## [BRIEF]
The lines from the one containing "La Traviatta Top" through the last line below, both ends included, must be reproduced exactly, with no pictures.

## [DATA PROVIDED]
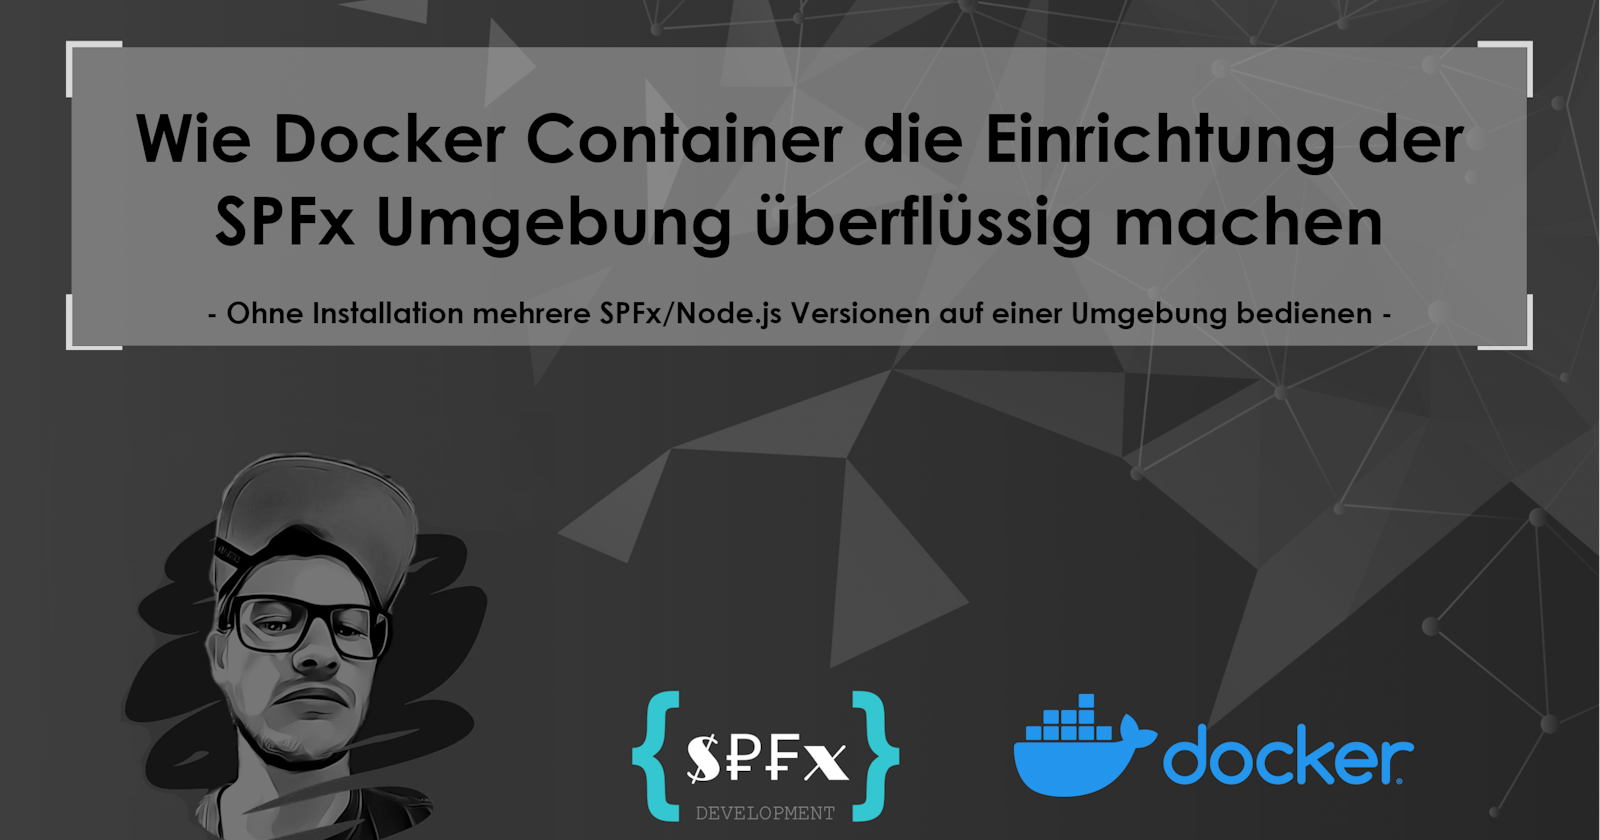 Wie Docker Container die Einrichtung der SPFx Umgebung überflüssig machen
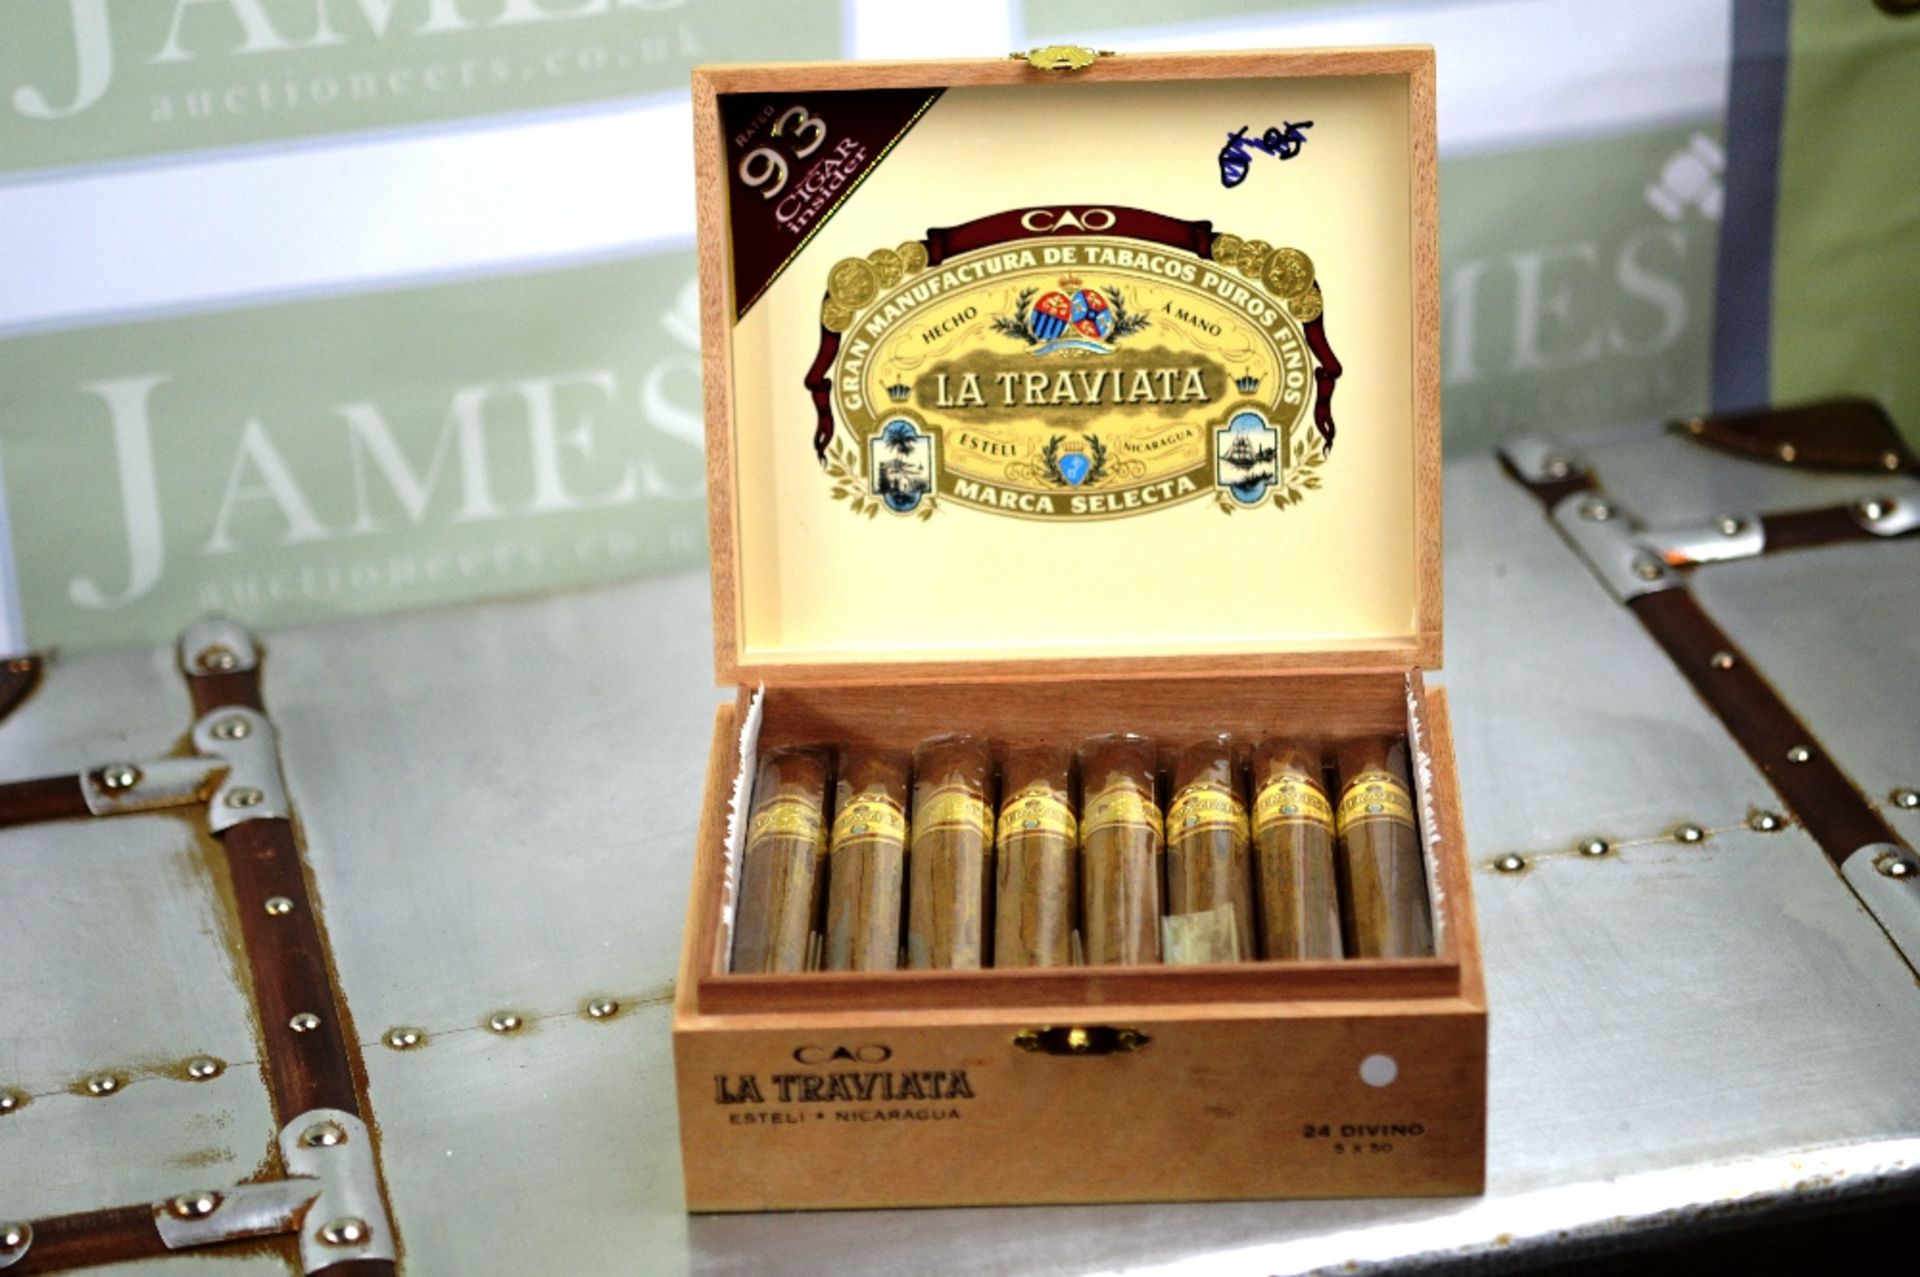 La Traviatta Top quality cigars in original case, imported
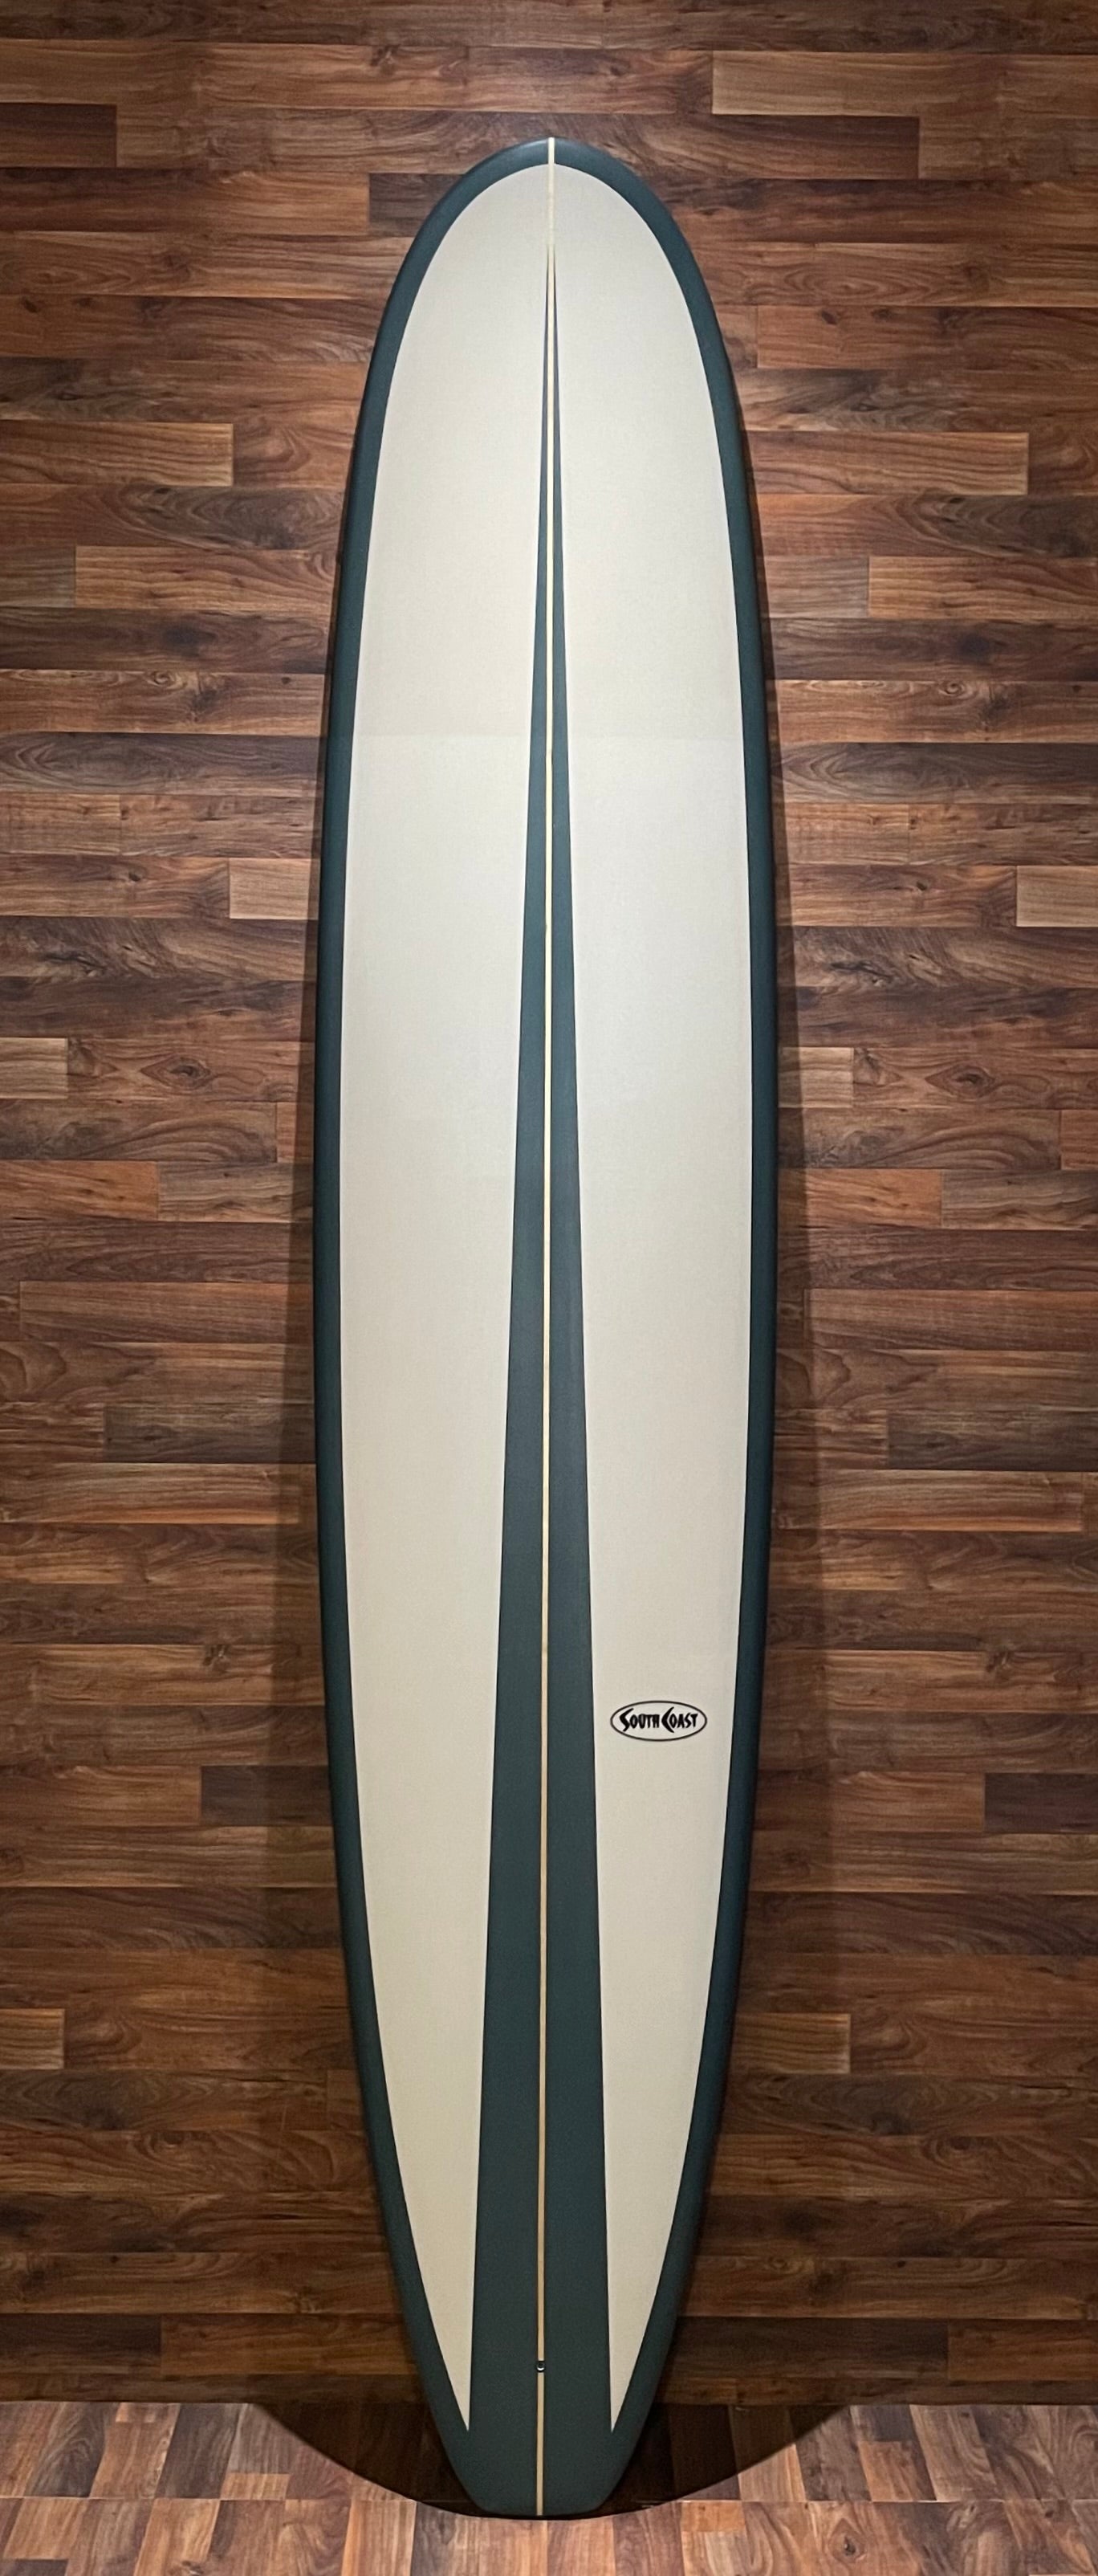 South Coast Cr3 9'4 Surfboard
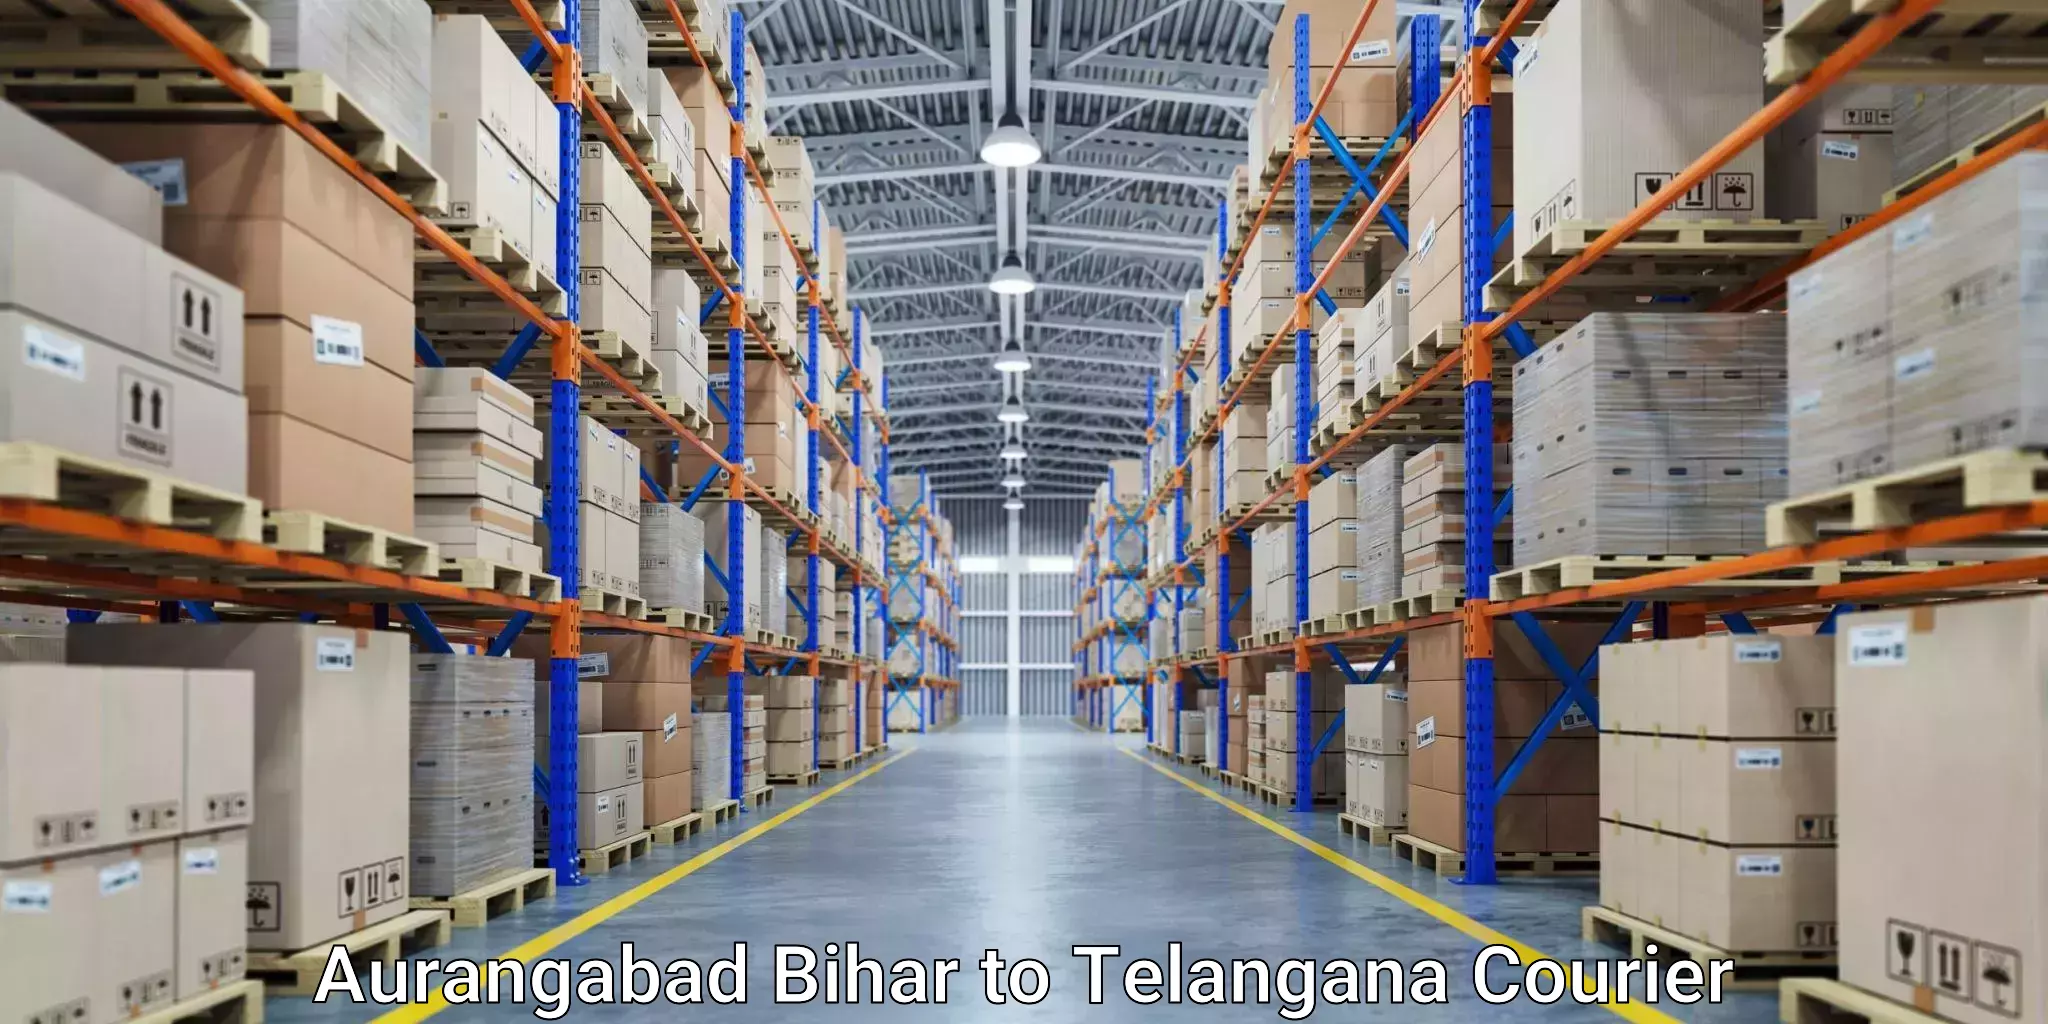 Ground shipping Aurangabad Bihar to Telangana

## [RESPONSE TO THIS EXERCISE]
 La Traviatta Top quality cigars in original case, imported
 South Coast Cr3 9'4 Surfboard
 Ground shipping Aurangabad Bihar to Telangana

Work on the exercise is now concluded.